発酵とは、目に見えない微生物(酵母・乳酸菌・麹菌など)や、それらが作る酵素によって、食べ物の成分が変化し、人にとって有益(おいしい/保存しやすい/栄養が利用しやすい等)な状態になる現象です。
発酵は「条件づくりの技術」でもあります。塩・温度・酸素(空気)・水分などの環境を調整し、望ましい微生物が優位に働ける状態を作ることで、腐敗(ふはい)や食中毒のリスクを下げつつ、風味を狙って作り込みます。10% I am では、「微生物(カビ・酵母・細菌)や酵素の働きで食品成分が変化し、人にとって有用な食品(発酵食品)として成立すること」と捉えています。
*麹がタンパク質を分解する様子
同じ“微生物による変化”でも、人にとって有害・不快(毒性、悪臭、食中毒リスクが高い等)になったものは一般に腐敗と呼び、「結果が人にとって有益かどうか」で、発酵か腐敗に選別されます。

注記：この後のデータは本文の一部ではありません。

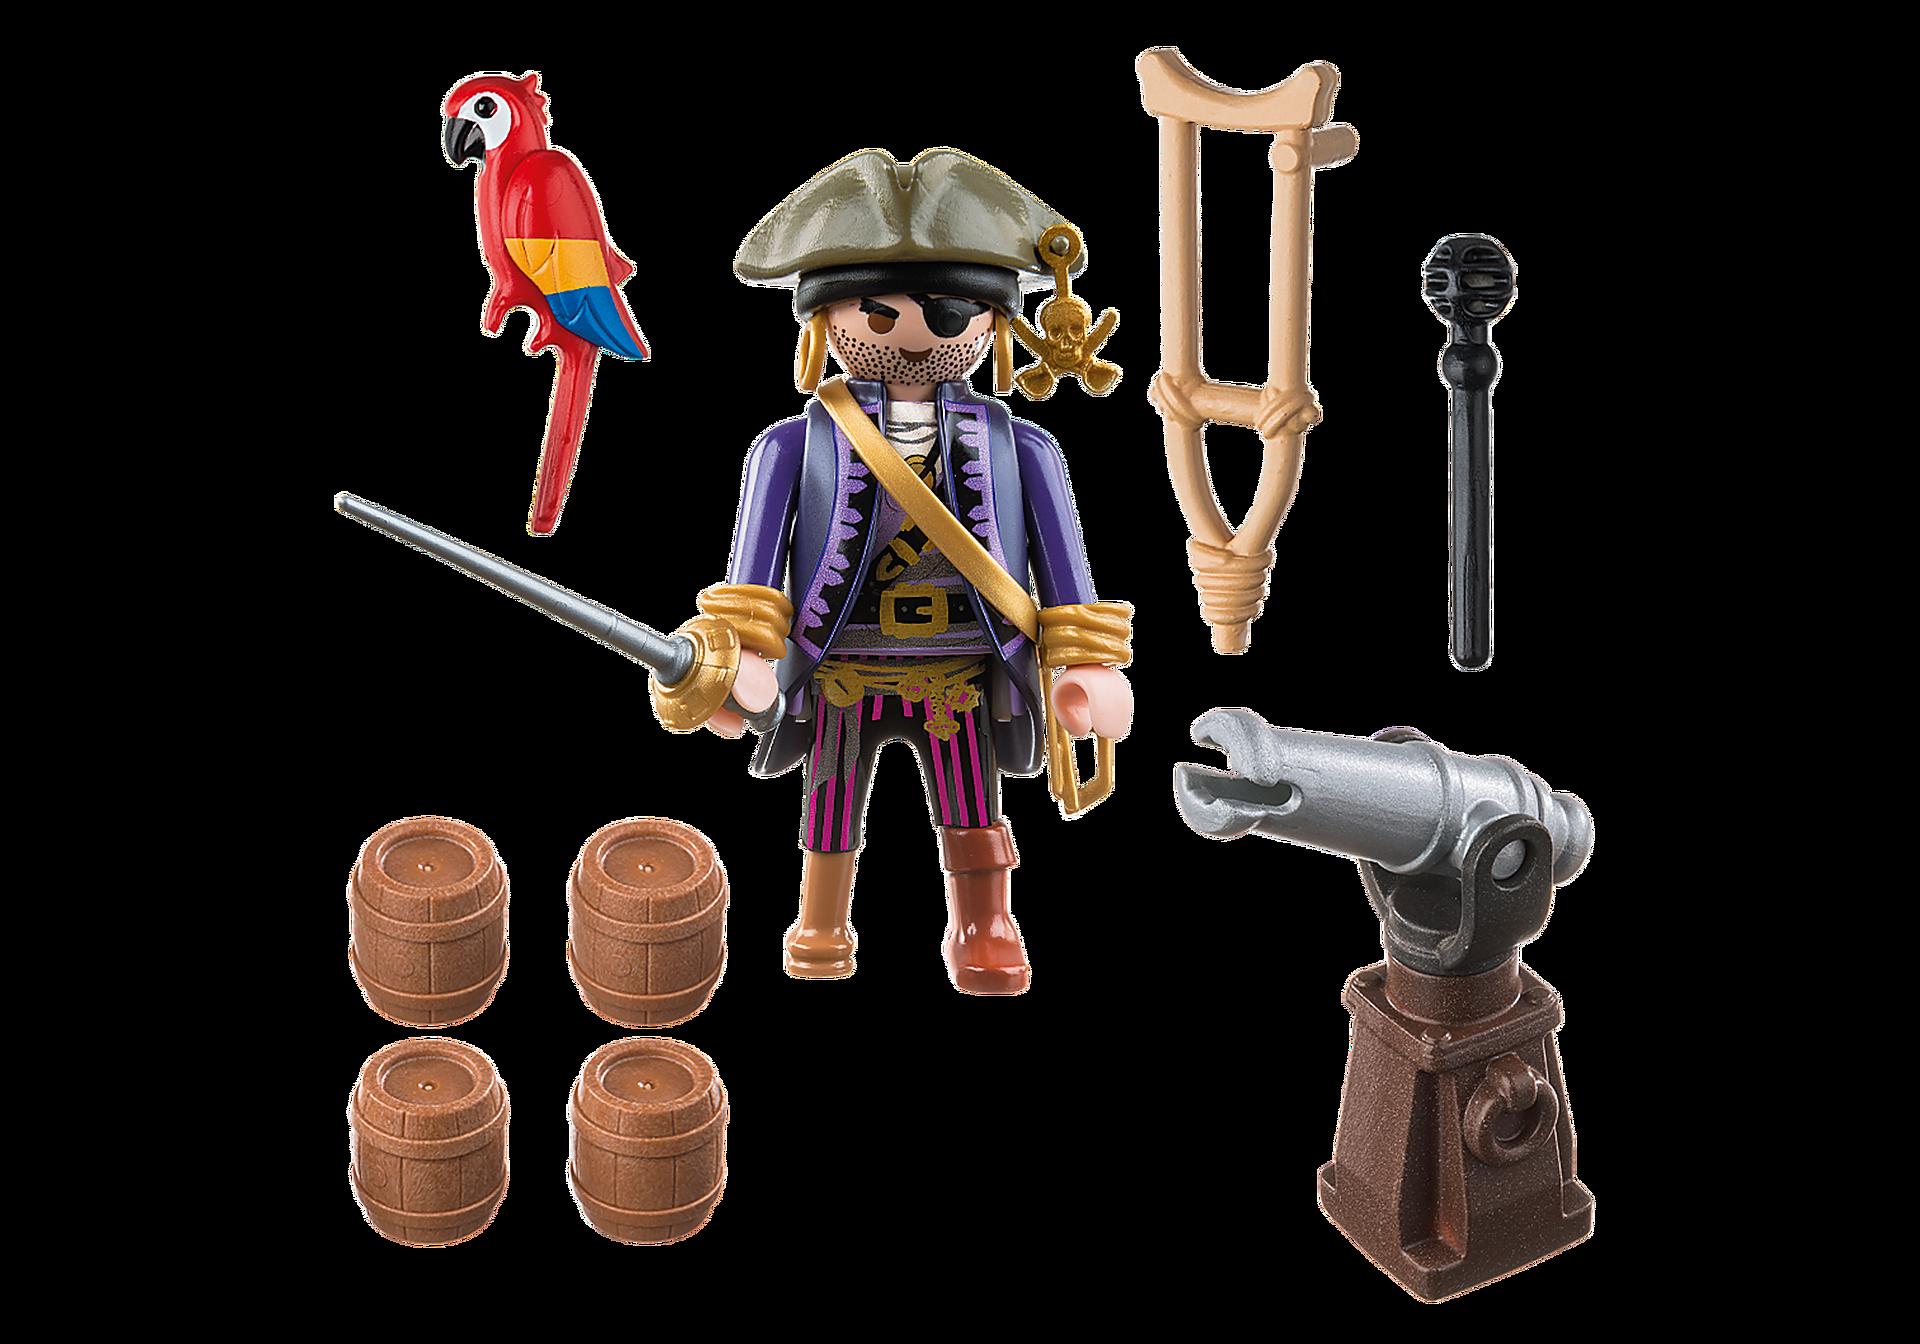 6684 Capitaine pirate avec canon  zoom image3

生物学(狭い定義)としての発酵は「酸素が足りない条件で、酵母などが糖を分解し、エタノールや乳酸などを作りながらエネルギーを得る代謝」として説明されるそうです。
*麹を培養する様子
麹は、麹菌(Aspergillus oryzae とされるカビ)を蒸した米に繁殖させ、でんぷんやたんぱく質を分解する酵素を作らせたものです。ここで作られる酵素(アミラーゼ、プロテアーゼ等)が、糖やうま味の“材料”を増やします。
重要なのは、麹菌が「自分で全部を食べ尽くす」よりも先に、大量の酵素で、後続の乳酸菌や酵母にも“使える材料(糖・アミノ酸など)”を増やす点です。この特徴が味噌・醤油・日本酒など日本特有の発酵文化の礎となっています。10% I am では塩麹を多くの商品に活用しています。
酵母は糖を利用し、酸素が不足するとエタノールと二酸化炭素が生じること(アルコール発酵)でエネルギーを得ます。パンでは二酸化炭素が生地を膨らませ、酒ではエタノールそのものがお酒のもとになります。日本酒、ワイン、パンは酵母による発酵が必要です。
乳酸菌は糖から乳酸を作り、酸性にすることで風味(酸味)を作り、同時に多くの雑菌が増えにくい環境を作ります。ぬか床では乳酸菌が中心的に関わり、塩に強く酸素に弱い菌が多いことも特徴です。乳製品では、ヨーグルトのスターターとして(ブルガリア菌+サーモフィルス菌など)を加え、一定温度で発酵させて酸度やpHを狙い通りにします。乳酸菌を利用した発酵食品はヨーグルトの他、チーズやキムチ、糠漬け、滋賀県では鮒寿し、へしこ(鯖の糠漬け)なども乳酸発酵を活用した発酵食品として広く食されています。
納豆は、蒸した大豆に納豆菌を付け、温度・湿度を管理しながら発酵→冷却・熟成させる食品です。発酵中にたんぱく質が分解され、独特の粘りや香り、うま味が形成されます。納豆菌の繁殖力は強く、お酒を作る酒蔵では、納豆菌の持ち込みは厳しく制限されています。
酢酸菌は、エタノールを酸素のある条件で酸化し、酢酸(お酢の酸味の本体)を作ります。日本古来からのお酢づくりは「静置発酵」とされ、最初に米と麹で酒を作る工程を経て、酢酸菌を入れてから長期間熟成させます。その間に香、旨み、コクが生成されます。一方、量販店で販売されている安価なお酢は「速醸法」で製造されるものが多く、アルコールに酢酸菌を加えてから強制的に空気を送り込んで、数日〜数週間で製造します。
また、お酢の料理への活用の仕方も世界中で異なる使われ方をしています。10% I amでは、国産のお酢以外にも、韓国のフルーツ系の多彩なお酢をドレッシング類に活用しています。